Activity: Excluding any images, copy all of the lines below precisely as written.

Data block:
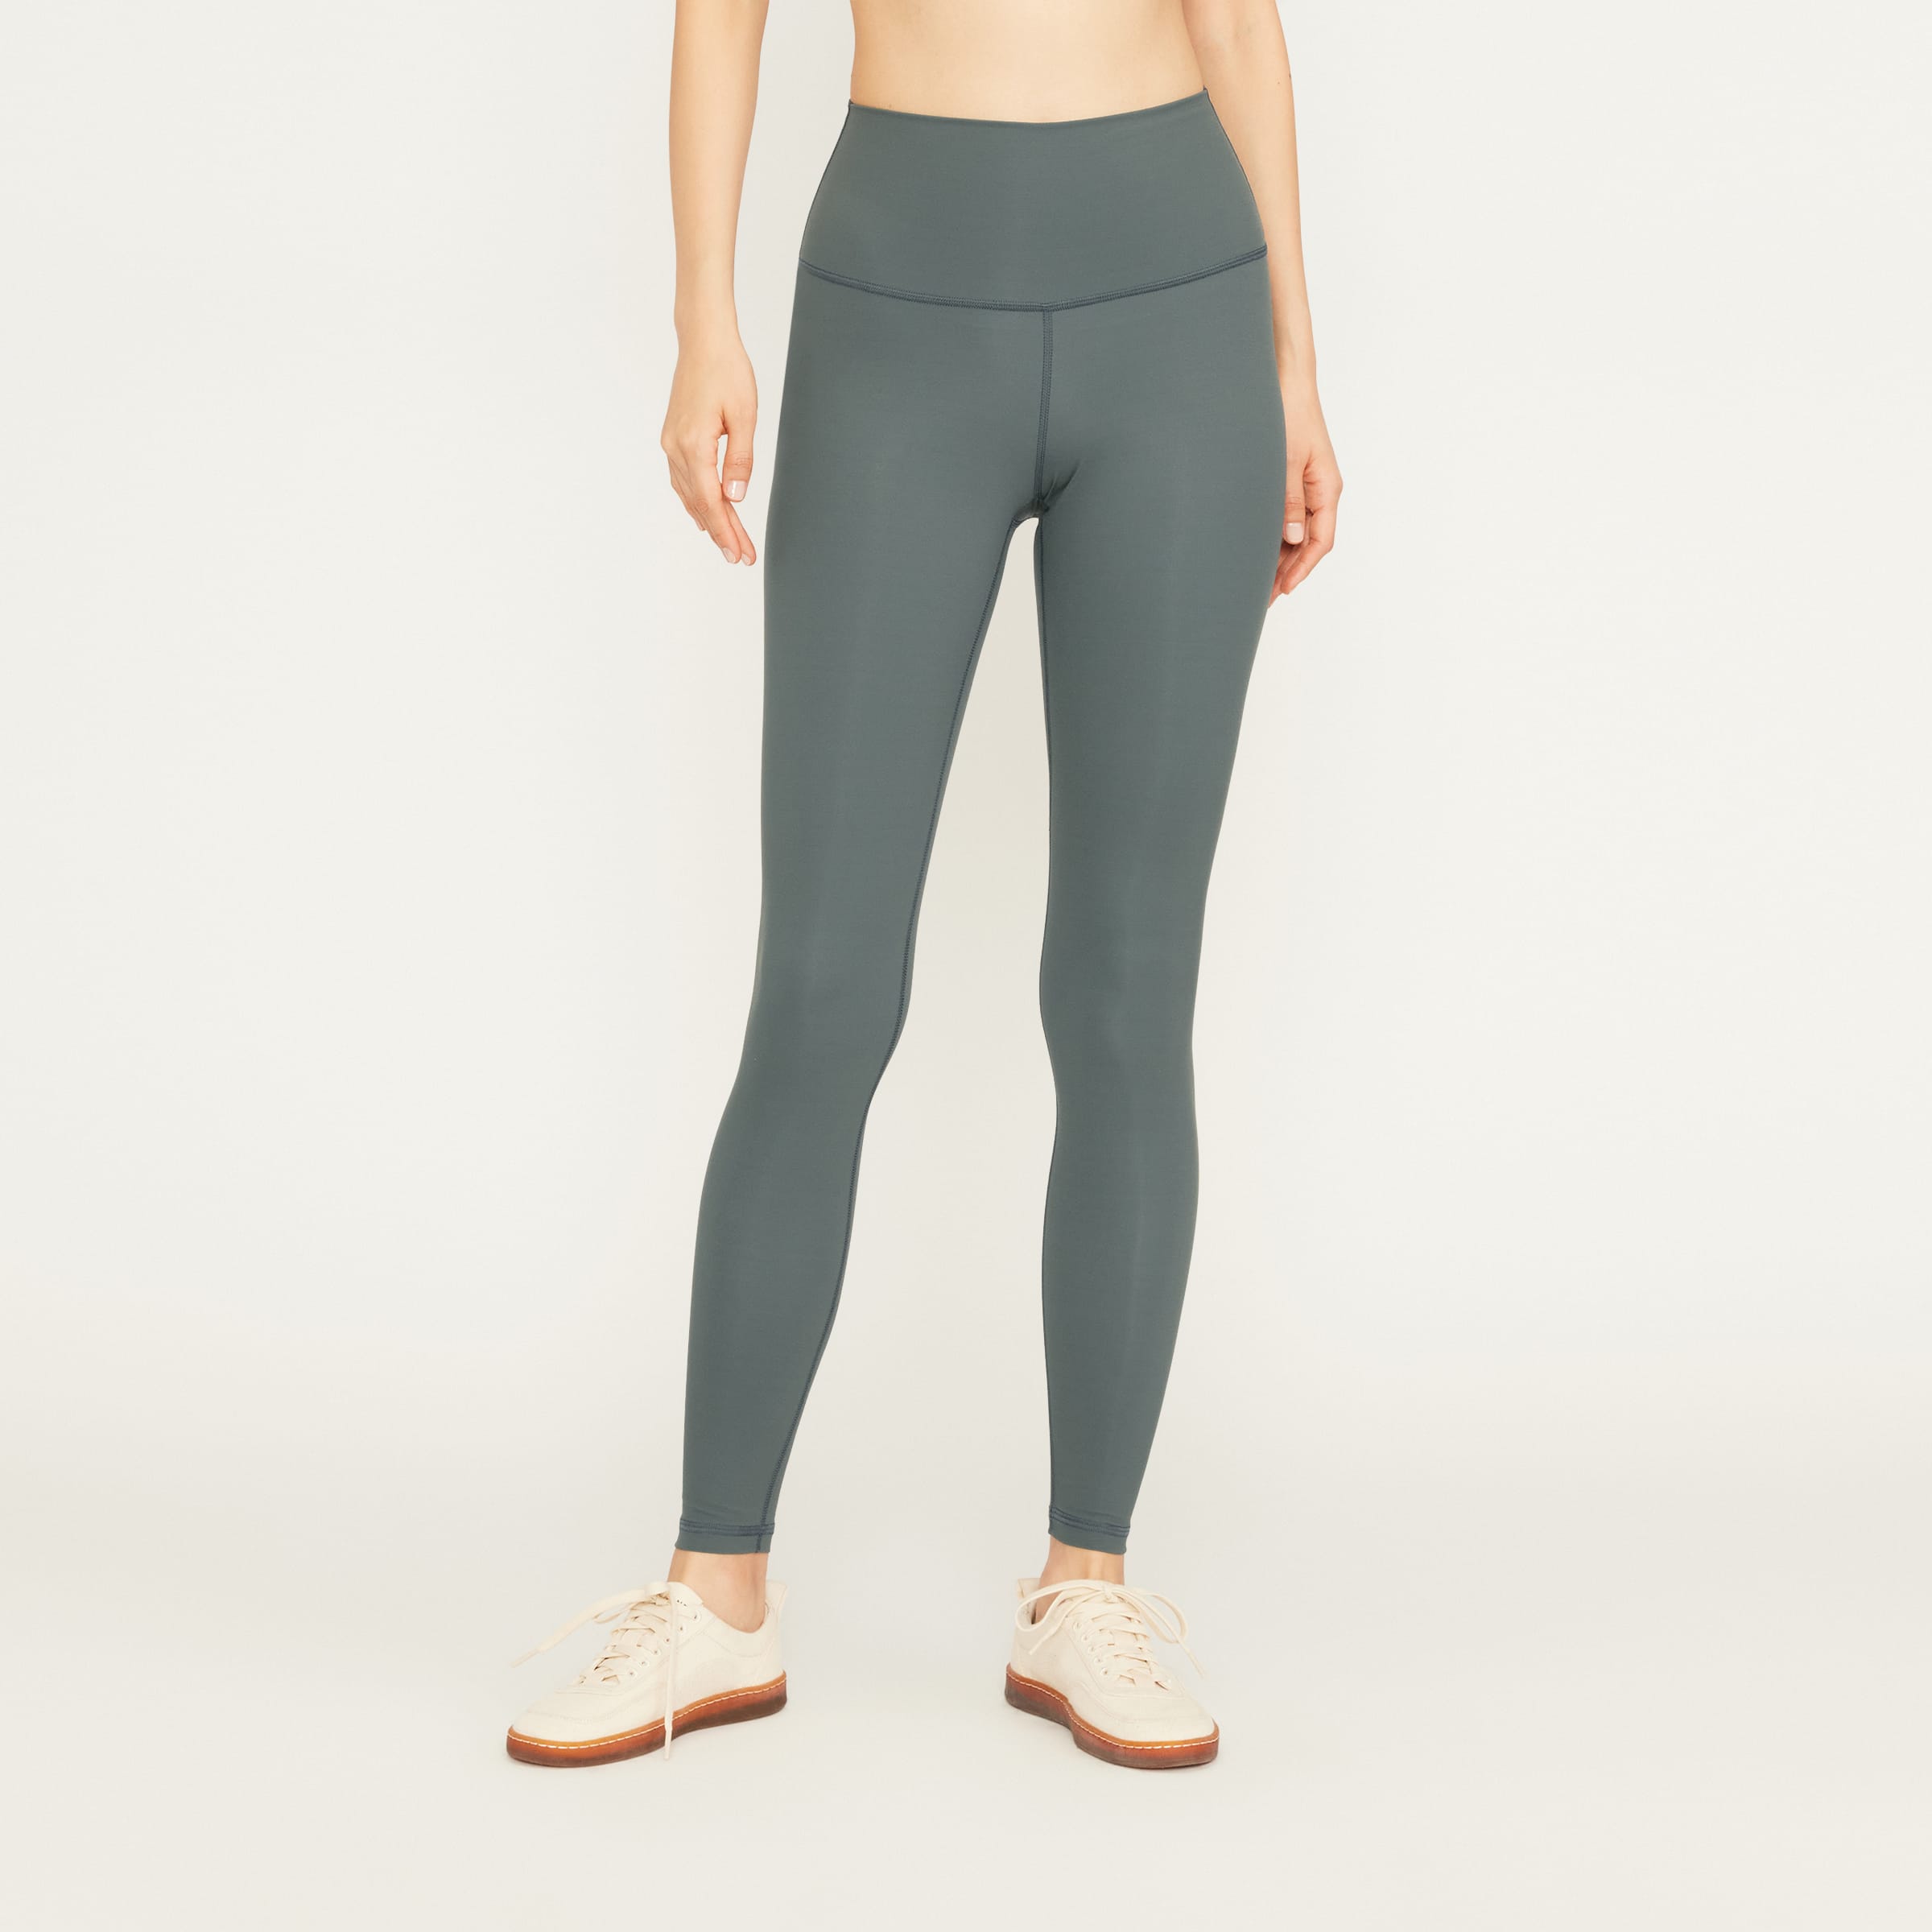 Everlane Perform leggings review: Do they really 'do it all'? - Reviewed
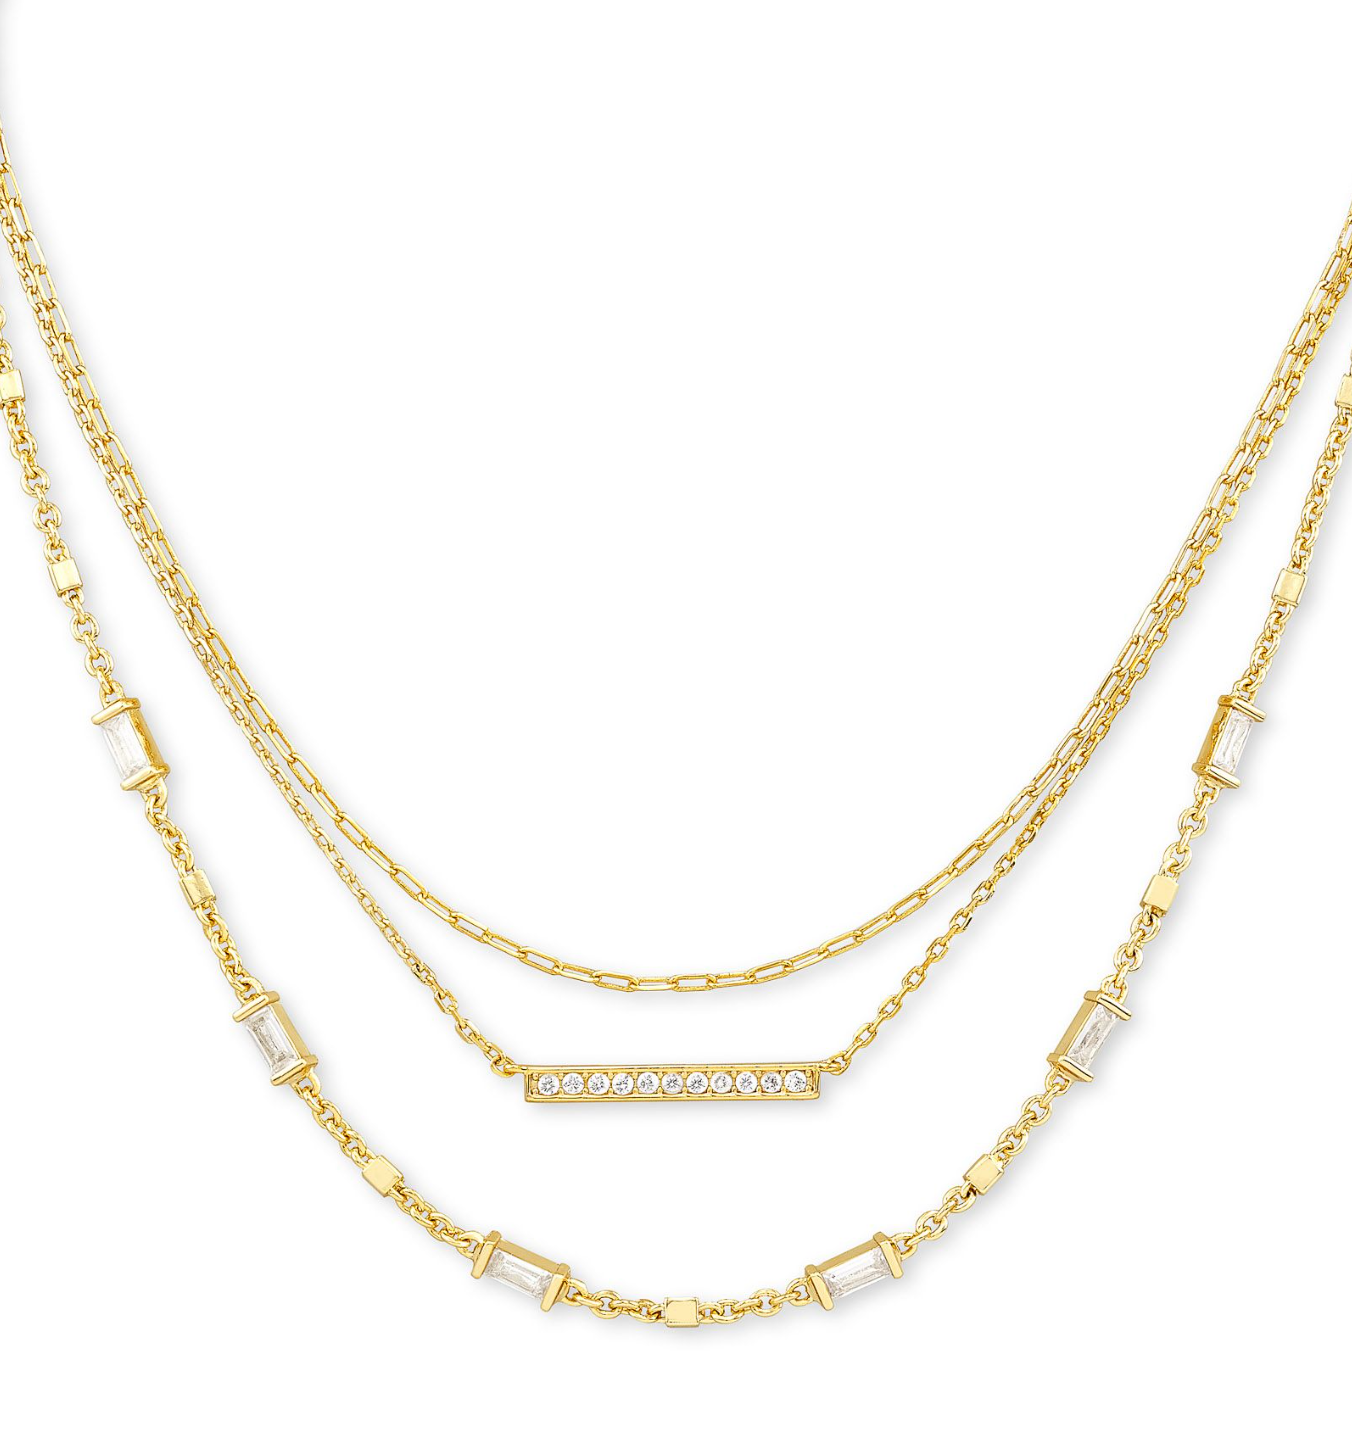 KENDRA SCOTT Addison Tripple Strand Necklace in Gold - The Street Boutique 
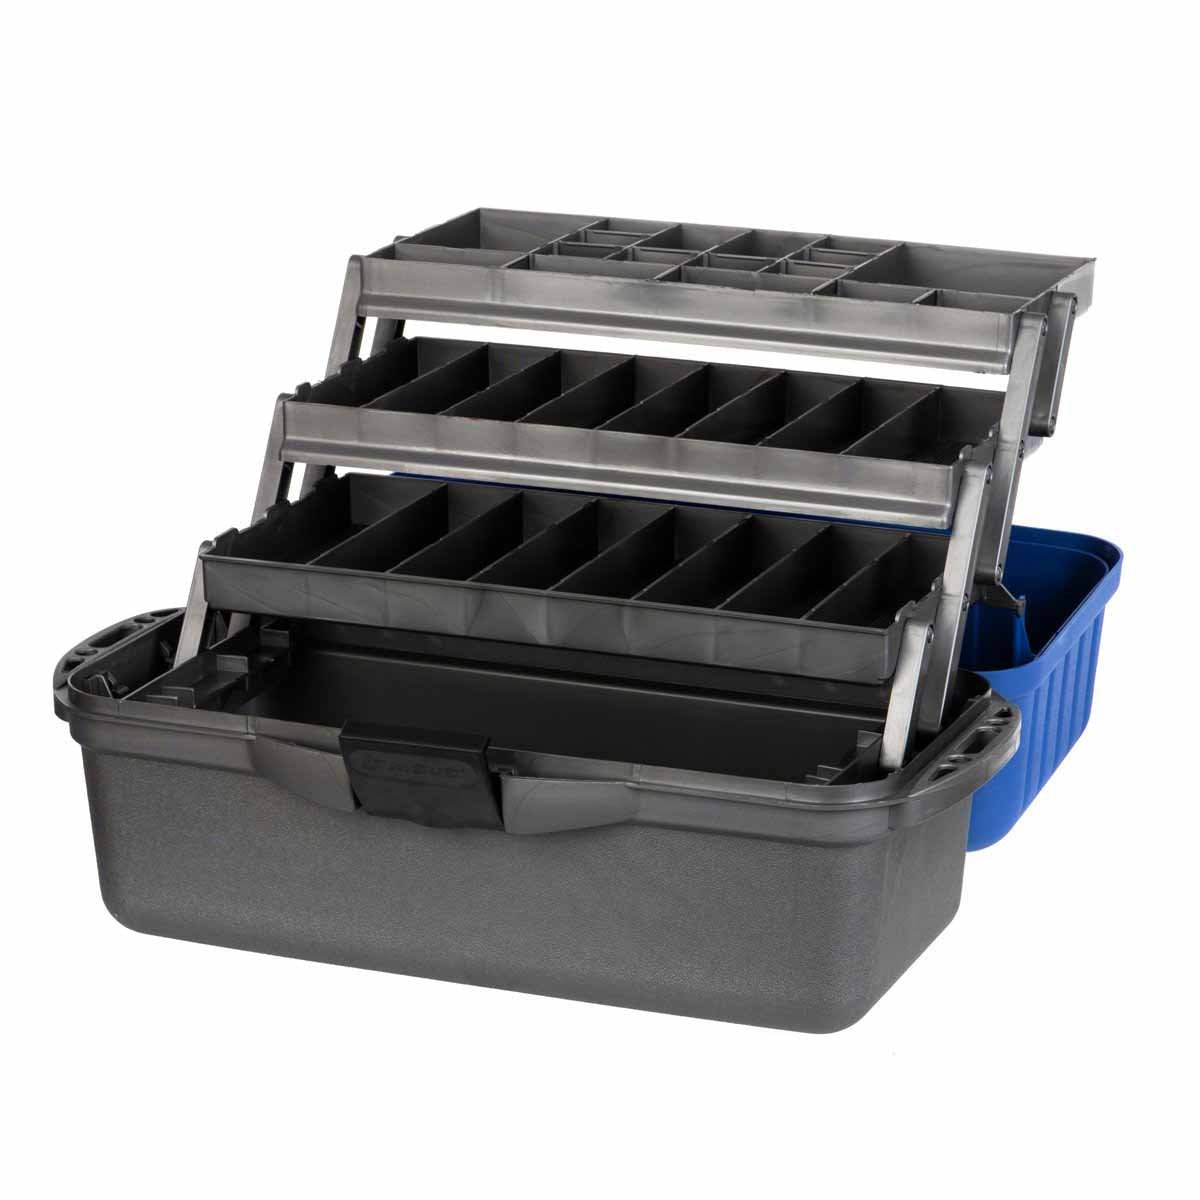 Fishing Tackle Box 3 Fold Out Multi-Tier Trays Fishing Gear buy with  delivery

Answer below:
 Everlane Perform leggings review: Do they really 'do it all'? - Reviewed
 KENDRA SCOTT Addison Tripple Strand Necklace in Gold - The Street Boutique 
 Fishing Tackle Box 3 Fold Out Multi-Tier Trays Fishing Gear buy with  delivery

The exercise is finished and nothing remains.